Probing expectancy effects
In psychedelic clinical trials, it can be tricky to disentangle what drives outcomes. For instance, if patients in a psilocybin study show improvement in their depression symptoms, how much of that can be attributed to the psilocybin itself, versus the role of therapy or the power of participants’ hopes and expectations about the treatment?
In a new study published in Psychological Medicine, researchers at Imperial College London and the University of California, San Francisco re-analyzed data from Compass’s 2021 phase 2 clinical trial to further probe the role of these expectancy effects in patient outcomes. In that 2021 study, researchers followed 59 participants for six weeks. Half received two 25 mg doses of psilocybin three weeks apart, plus a daily placebo pill; the other half received two 1 mg doses of psilocybin three weeks apart — a tiny, imperceptible dose — plus a daily dose of the antidepressant escitalopram. Overall, they found that participants in both groups showed improvement in their depression symptoms.

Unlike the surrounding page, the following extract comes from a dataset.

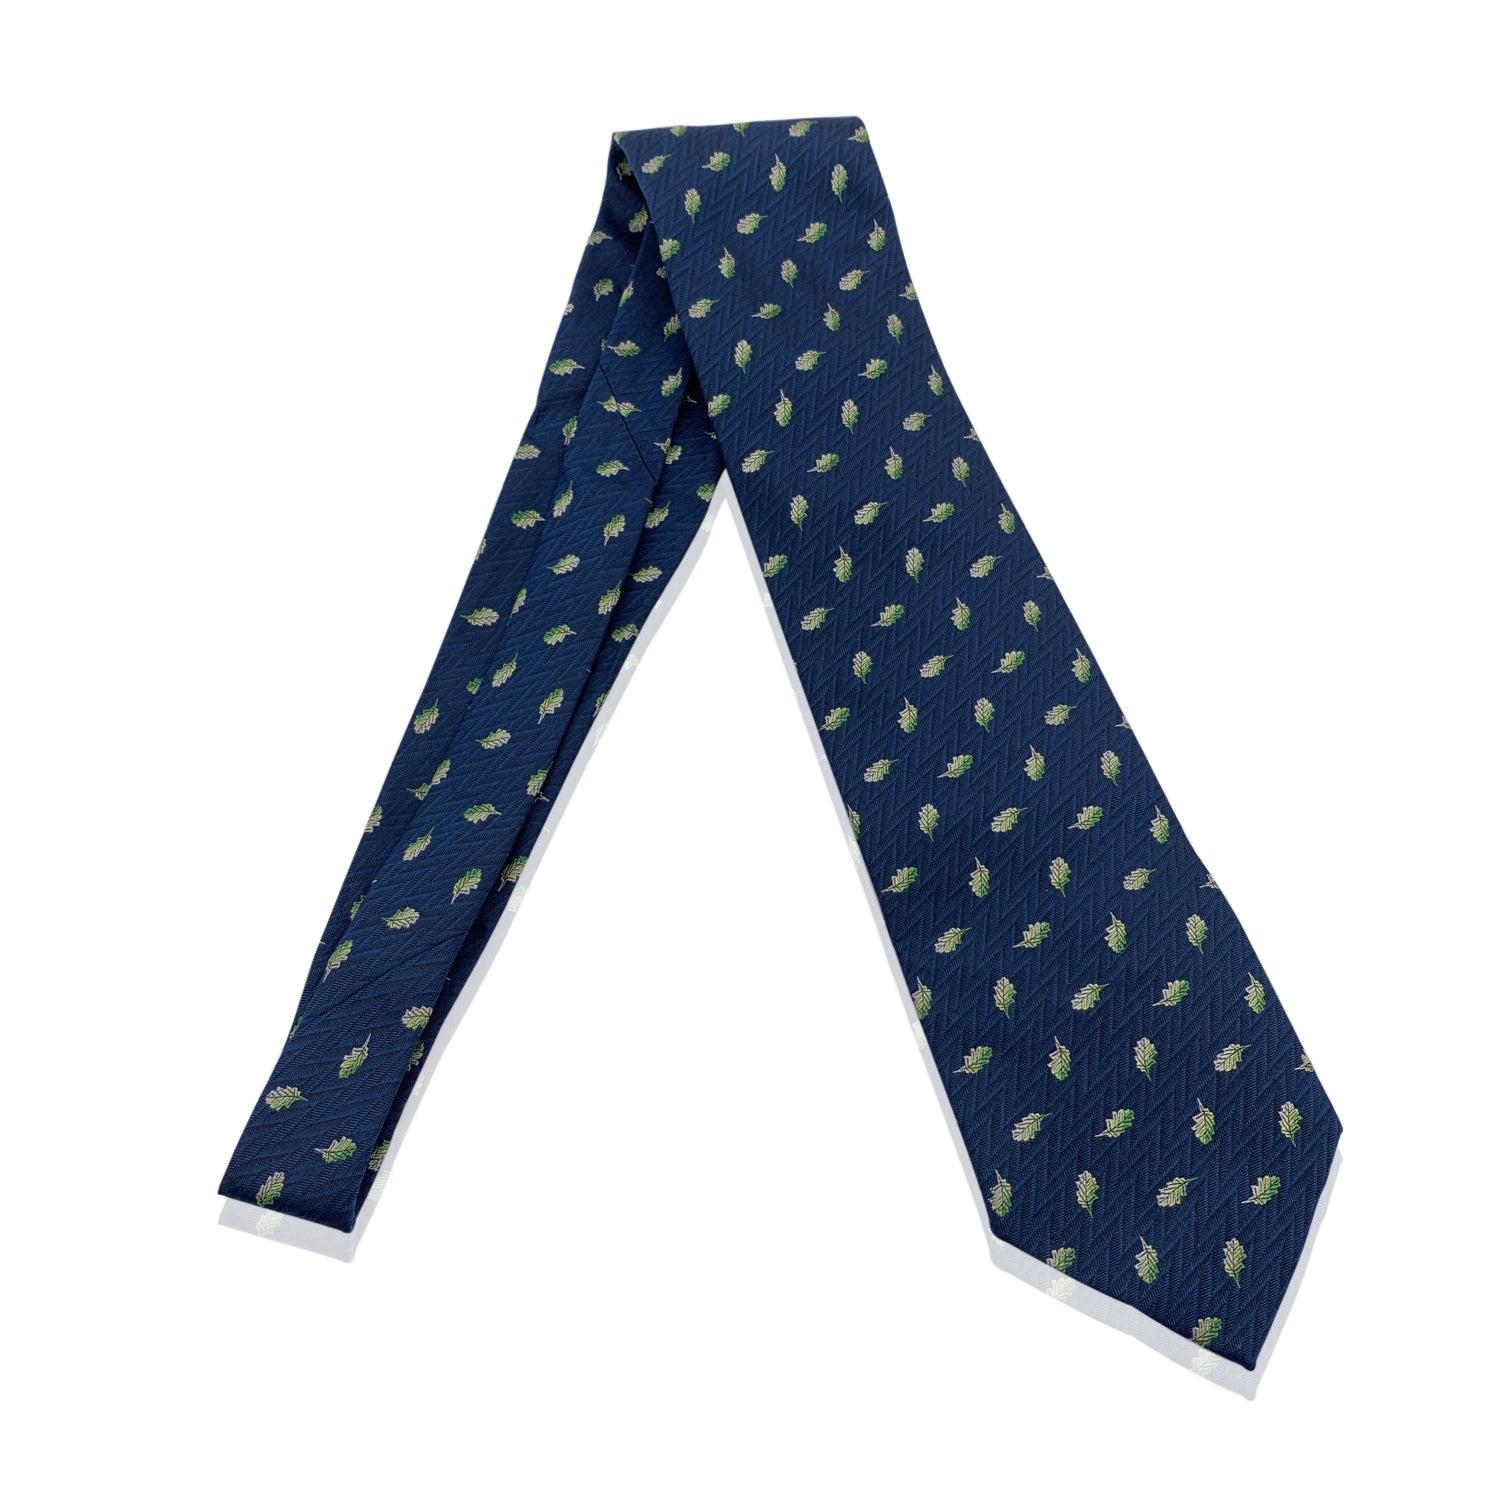 Elegant Hermes Neck Tie in blue teal color with an allover leaves pattern. Composition: 100% Silk. Hermes composition tag attached. Made in France. Total length: 58.5 inches - 148.5 cm. Max width: 3.5 inches - 8.9 cm Details MATERIAL: Silk COLOR:

In their analysis of expectancy effects, the researchers report that while participants had higher hopes for the efficacy of psilocybin over the antidepressant (escitalopram), those expectations predicted outcomes only for participants in the escitalopram group and not for those in the psilocybin group. In other words, people in the escitalopram group who believed escitalopram would help them reported fewer depressive symptoms after treatment, but this pattern did not hold for the people in the psilocybin group; for them, higher expectations that psilocybin treatment would help them did not correlate with a greater improvement in symptoms. “If anything, there is some ‘negative expectancy,’ i.e. higher expectancy tends to be associated with worse outcomes,” lead author Balázs Szigeti wrote in a thread on X about the new paper. The results, the authors conclude, “suggest that psychedelic therapy may be less vulnerable to expectancy biases than previously suspected.”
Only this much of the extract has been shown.